Dopo lampi e tuoni, un vento forte spazza il cielo, e si sente odore di erba e polvere. Brilla la luna nella notte. Sul contorno in ombra delle colline davanti a voi, specie di dune sempreverdi a guardia di una Los Angeles di altri tempi, insediamento urbano che niente ha a che vedere con l’attuale, si staglia un cavallo nero. In sella c’è Zorro. La maschera delle maschere, indomito difensore dei deboli, spadaccino invincibile. Un mantello favoloso schiaffeggia l’aria intorno e tutti i cattivi del mondo. Non parliamo del cappello, che sembra incollato in testa al nostro eroe e non si sposta di un centimetro. Ci sarà anche il cordino che sotto la gola lo tiene ben calcato, ma che non si muova mai è ben strano, lo ammetterete.

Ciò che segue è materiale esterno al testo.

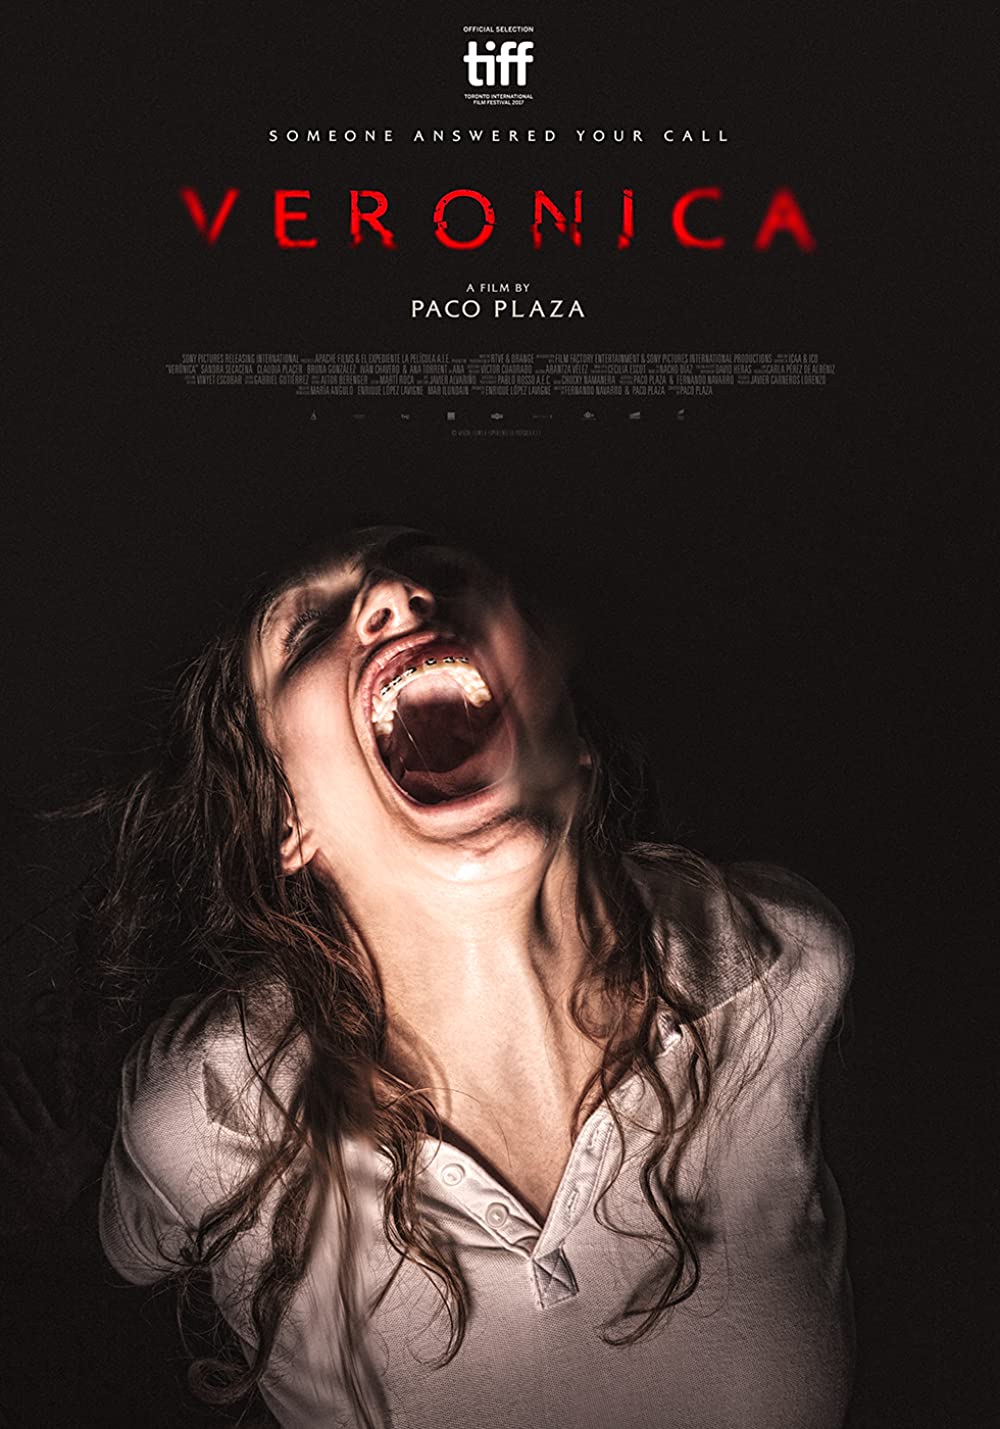 ดูหนังออนไลน์ฟรี Veronica (2017) กระดานผีปลุกวิญญาณ หนังเต็มเรื่อง หนังมาสเตอร์ ดูหนังHD ดูหนังออนไลน์ ดูหนังใหม่

Ipnotizzati davanti a quell’ingombrante televisore con le valvole che stazionava sul famoso carrello di vetro del soggiorno, guardavamo, bambini, le sue mirabolanti avventure. Così abbiamo ingoiato simboli ed effetti sonori, per quel che si poteva all’epoca del canale audio rigorosamente “mono”. E in bianco e nero prima che ci colorassero i sogni.
Fu in quei giorni che la sottile linea di confine tra il giusto e l’ingiusto, tra il bello e il brutto, tra il coraggio e la vigliaccheria venne disegnata nei nostri cuori. A firma Walt Disney; quindi, in tutta onestà, direttamente dalla fabbrica del consenso a stelle e strisce. Zorro, esule della libertà e castigamatti, difendeva i deboli e si fingeva un bellimbusto imbellettato e privo di qualsiasi nerbo dismessi i panni del giustiziere. Deve essere stato in quei frangenti che il mantello l’abbiamo indossato per sempre.
Qualche anno più tardi, dopo essere stato sepolto in un angolo dimenticato del nostro inconscio, incrollabilmente latente, il vendicatore color pece era riapparso, non richiesto, dirigendo le nostre azioni. Posto che abbiamo mai avuto una vita veramente da adulti, una cospicua parte di noi tirava fuori la spada a ogni piè sospinto, senza rendersene nemmeno conto. Sarà per questo forse che le abbiamo prese parecchie volte di santa ragione, metaforicamente per carità, incapaci di accettare il fatto che la realtà con la fantasia non c’entrava niente.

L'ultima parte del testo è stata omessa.